Les instructions qui suivent proviennent de la lecture du mahāsatipaṭṭhāna sutta par U Sīlananda. Vipassanā consiste à observer tous les phénomènes qui se manifestent aux six portes des sens dans l’instant présent. Il faut trouver une posture confortable, le dos droit mais sans tension, que l’on peut garder longtemps. Il ne faut pas chercher à modifier la respiration, placer l’attention sur l’abdomen et observer le mouvement de soulèvement et d’abaissement du début à la fin, de la façon la plus rapprochée possible. On peut faire une note mentale pour stimuler l’énergie, mais si celle-ci gêne, on peut s’en passer. Il est important de ne pas observer la forme, mais la vraie réalité du mouvement, l’élément ‘air’.

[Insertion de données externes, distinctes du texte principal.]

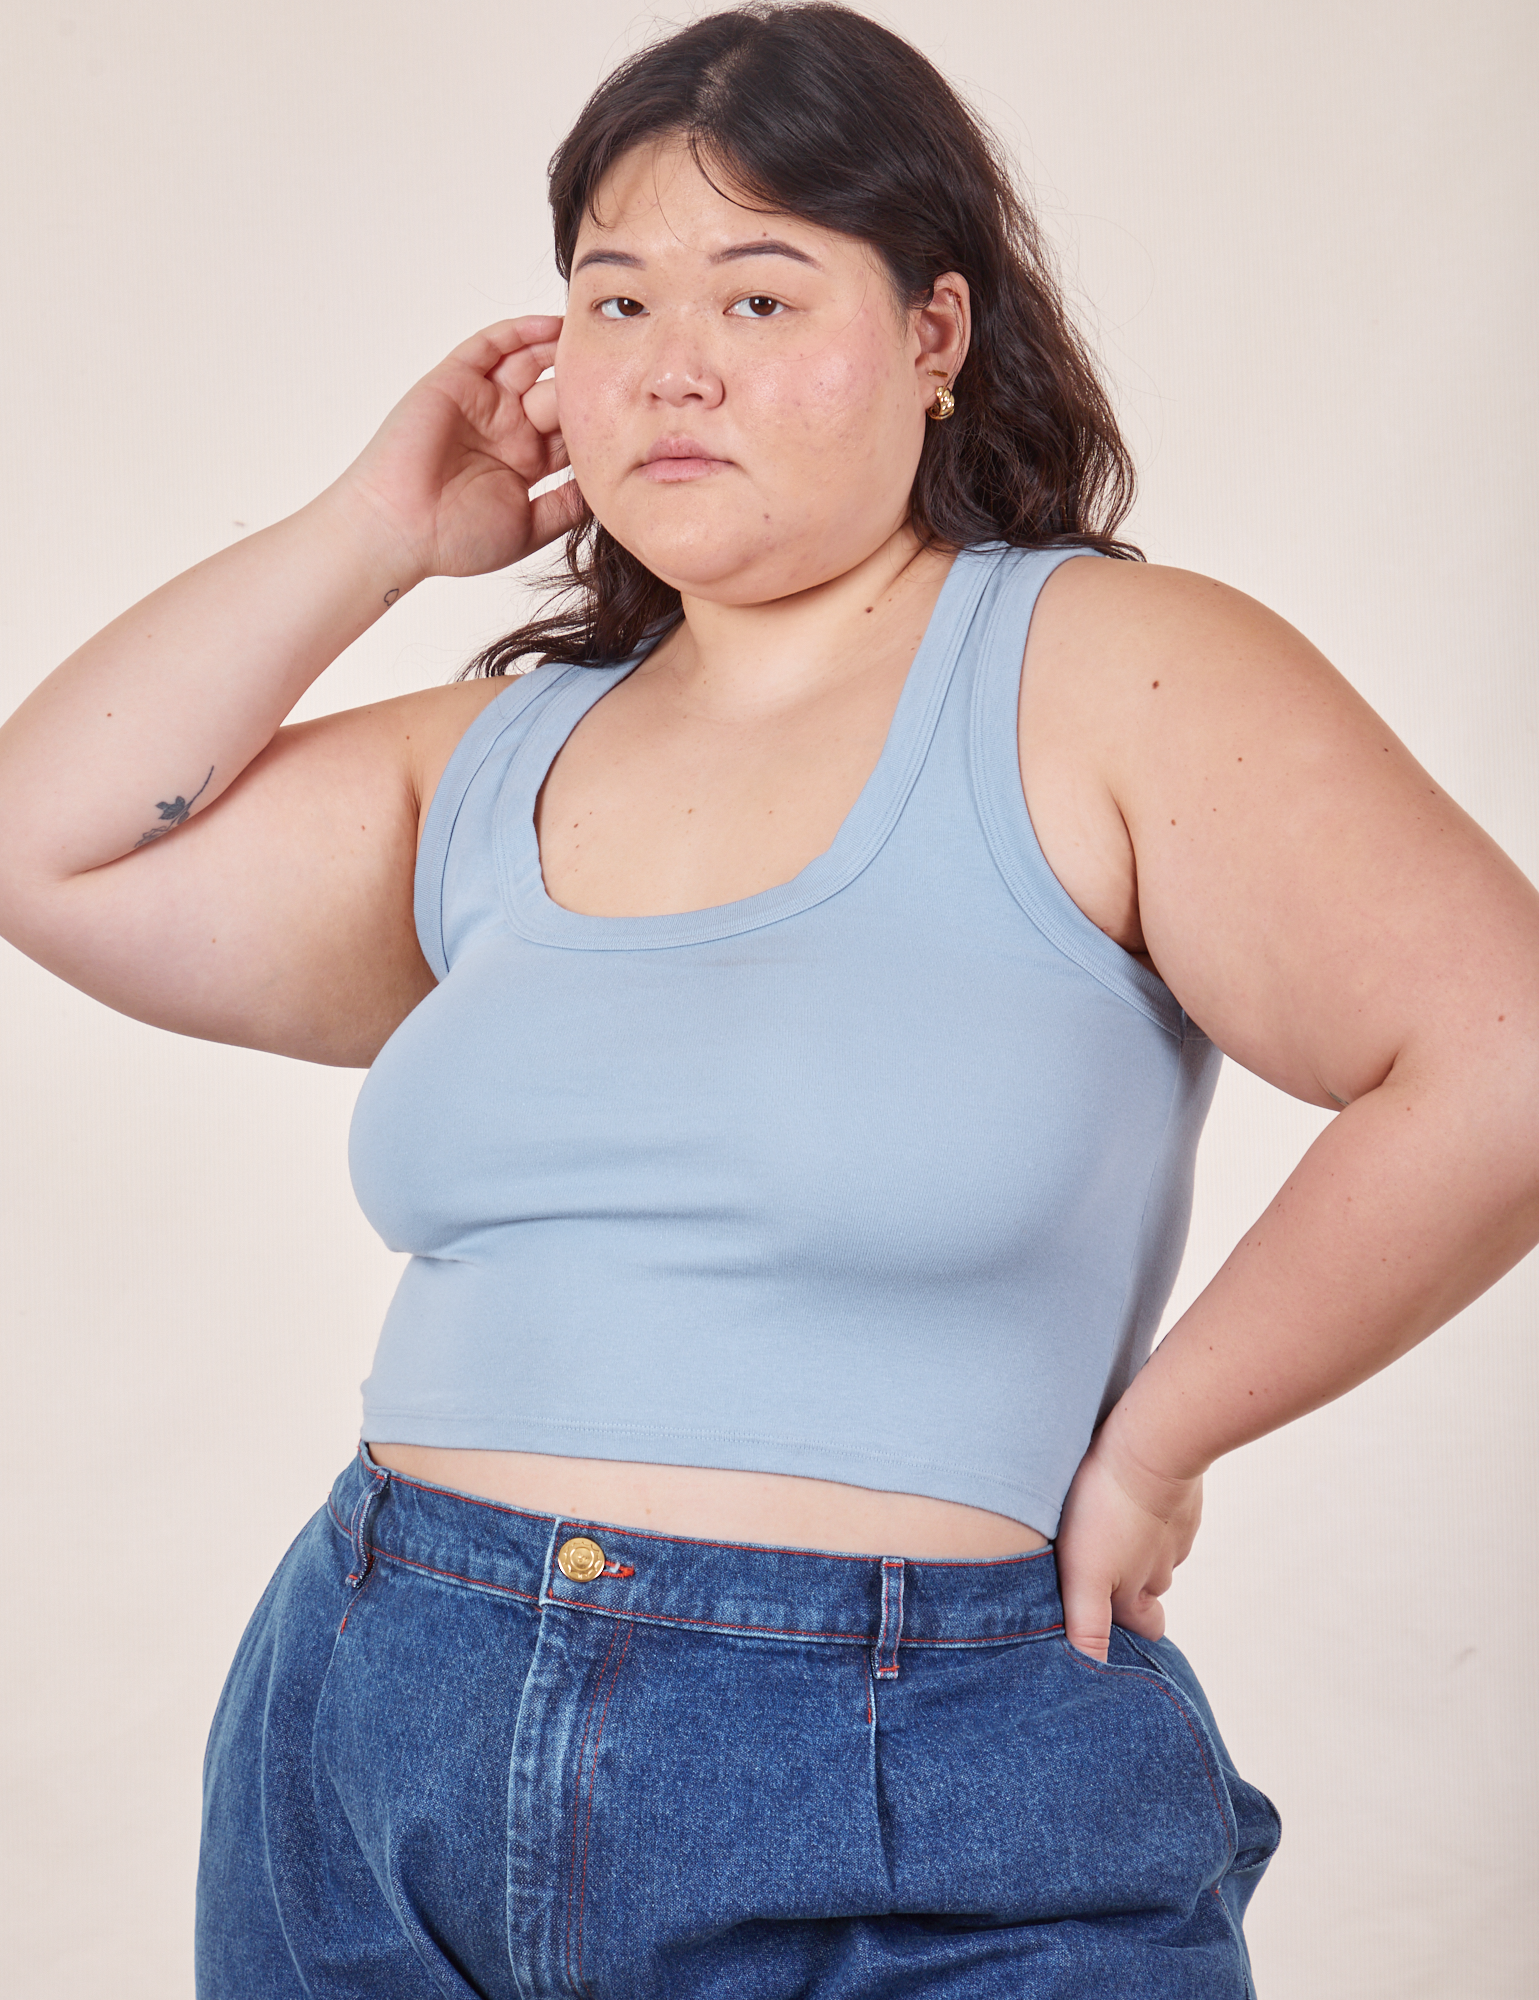 Ashley is 5'7" and wearing L Cropped Tank Top in Periwinkle

Il ne faut pas penser au passé qui est révolu ni au futur qui n’existe pas encore. Il ne faut pas s’attacher au présent mais laisser passer. Si l’esprit s’envole, il faut seulement en être conscient et noter ‘vagabondage’. Si on est capable de capter la pensée, elle va disparaître, sinon, on risque d’être happé et entraîné loin de l’objet de méditation. Il ne faut pas se sentir coupable ou se faire des reproches.  Quand la pensée a disparu, on revient à l’objet primaire. La même chose vaut pour les sons, les souvenirs, les projets. On note ce qui est présent, sans juger. On note le processus, pas le contenu. Il faut essayer de ne manquer aucun objet. Si on oublie, on note ‘oublier’, si on spécule, analyse, juge, etc., on note ‘spéculer’, etc. Il ne faut rien ajouter de soi-même. Il s’agit d’une attention simple, mais intense.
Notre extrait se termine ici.